A combination of different methods was the key to success

Therefore the Fischer and his team chose an alternative approach: "Our starting point was a cooperation with the group of Dr. Rémy Bordonné from Montpellier in France, that enabled us to identify the SMN complex of the yeast Schizosaccharomyces pombe", he explains. This complex was ideally suited for an integrative structural analysis because it comprises less individual components than its human counterpart and has a less dynamic behavior.

"In a first step, we visualized, by X-ray diffraction analysis, individual sections that are important for keeping the complex together", says Fischer about the scientists' approach. In a second step, they characterized the entire complex and parts of it by means of small-angle X-ray scattering. This method also provides information on the dynamic behavior of unfolded sections of the complex. In parallel, missing sections were reconstructed by means of a bioinformatic method called 3D homology modeling.

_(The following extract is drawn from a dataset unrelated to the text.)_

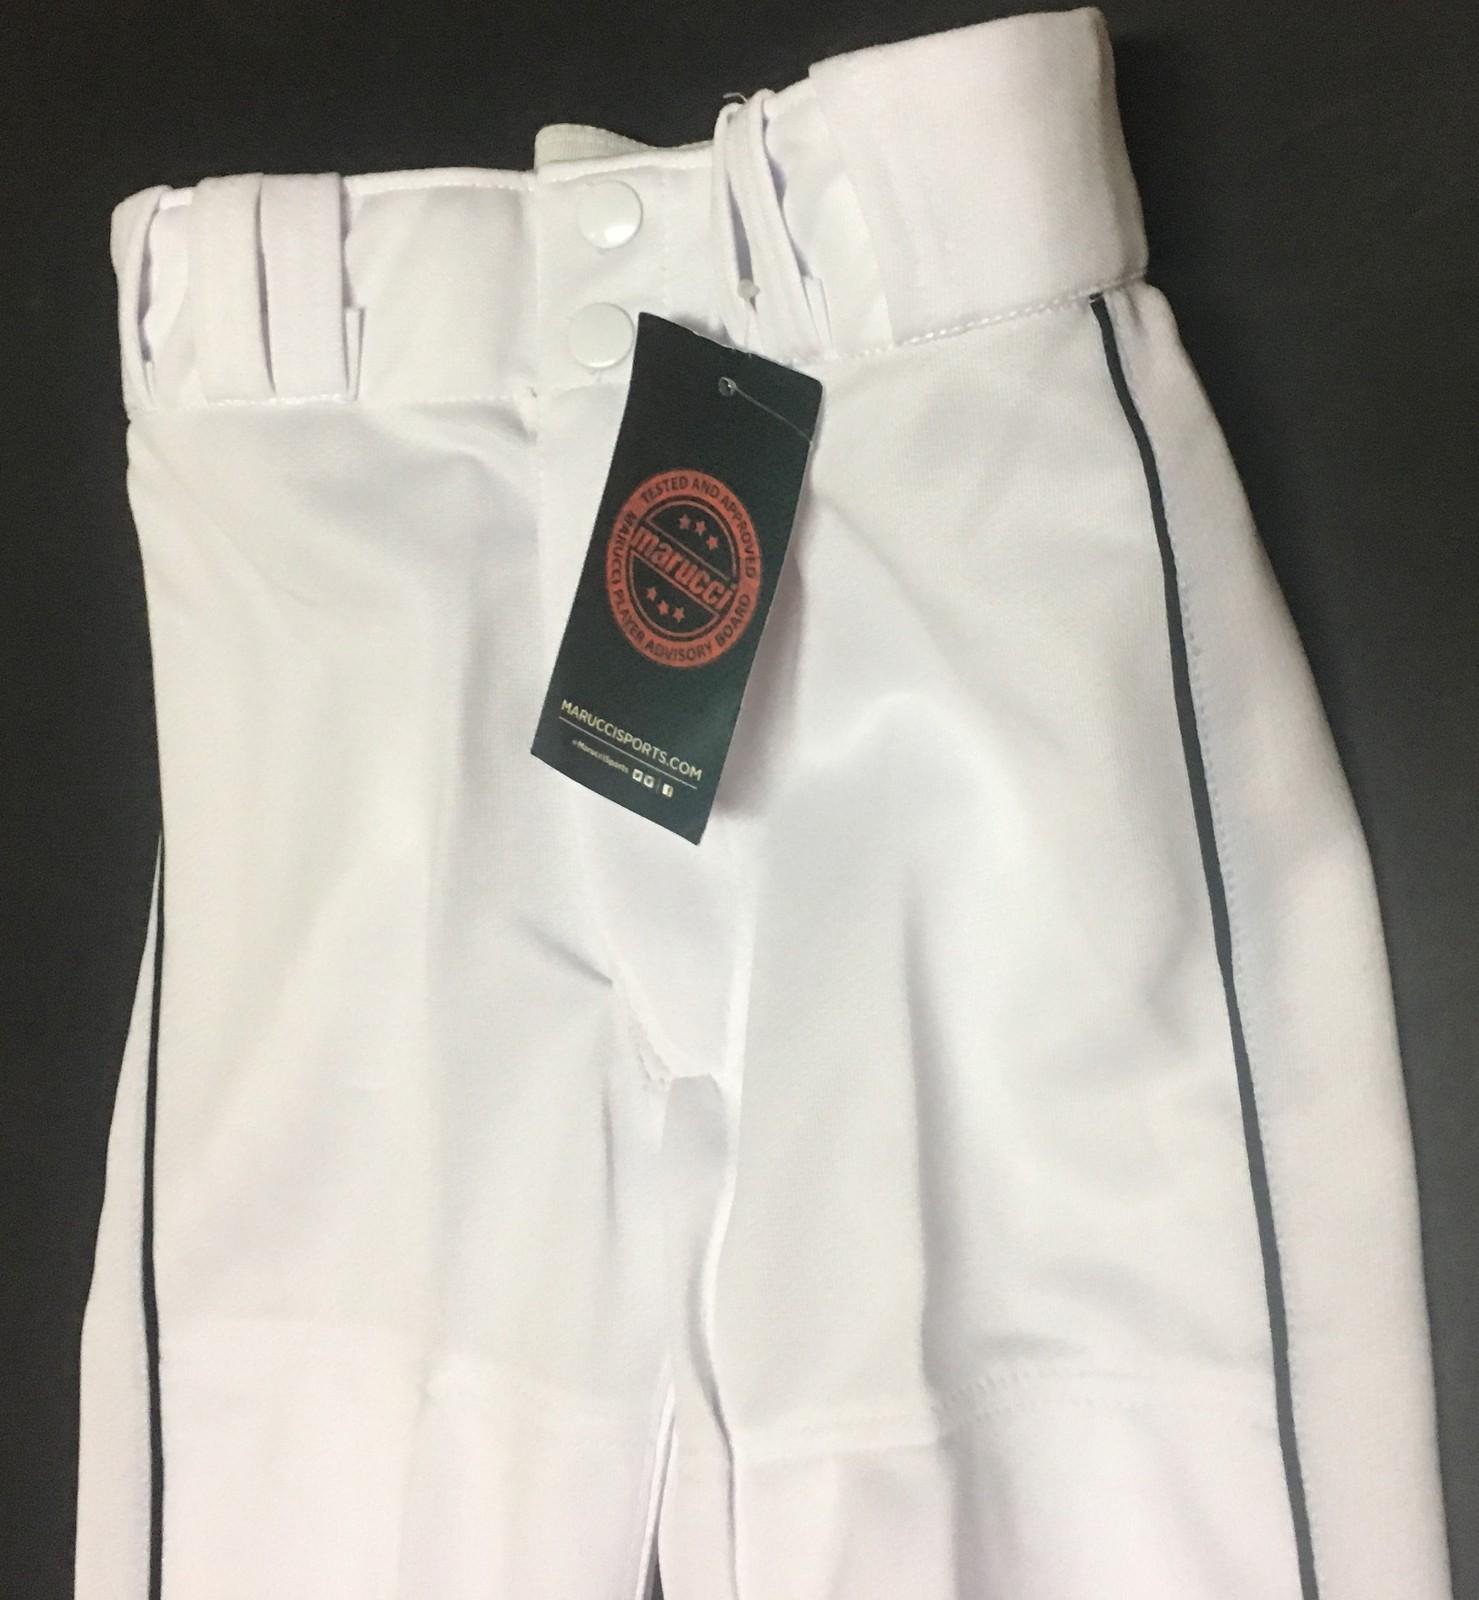 Marucci Youth Baseball Pants Youth Size Small NWT White w/Black Trim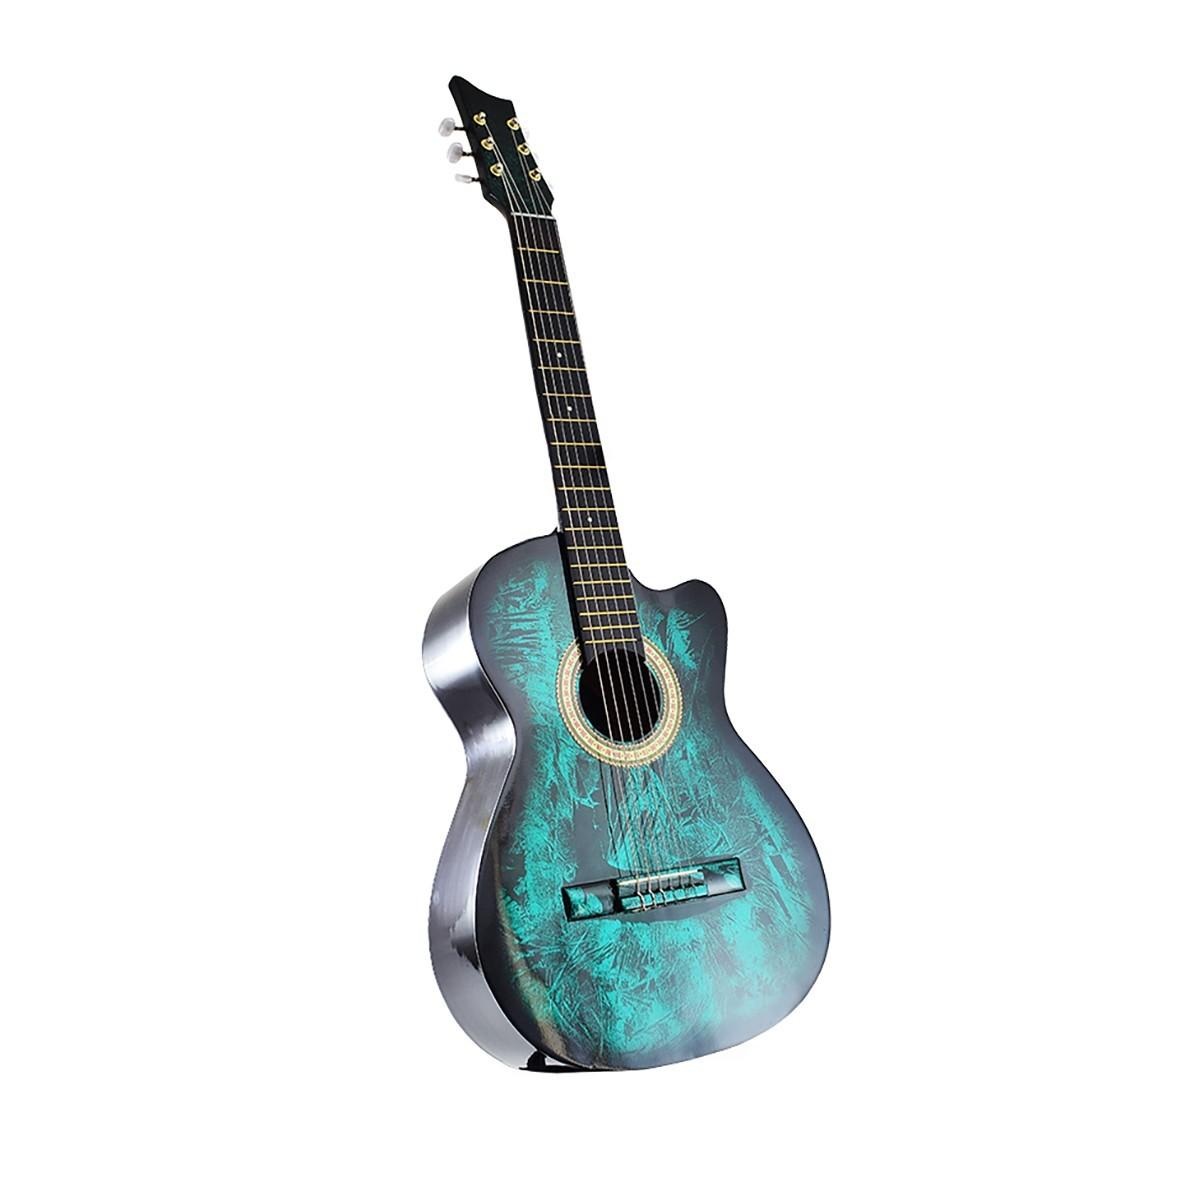 Guitarra acustica la clasica finas maderas asesoria luthier for Luthier guitarra electrica

This combination of different structural-biological methods will gain in importance in the future because it produces results that have never been achieved before - such is the conviction of Dr. Clemens Grimm. He is the Head of the "Structural Analysis" unit of Fischer's department, and has contributed to the recently published work.

An octopus with flexible arms

The result was a model of the entire SMN complex that provides an excellent explanation of its function. Similar as in an octopus, the central "body" of the complex has a number of long and very flexible "arms", which enable the complex to catch proteins and assemble them, together with other biomolecules, into molecular machines.

The model also provides insight into the processes that lead to spinal muscular atrophy. "The mutations causing this disease concentrate in the central body" explains Fischer's doctoral student Jyotishman Veepaschit, who performed experiments of this study together with his colleague Aravindan Viswanathan. They prevent the full development of the complex, so that it cannot serve its function in the cell.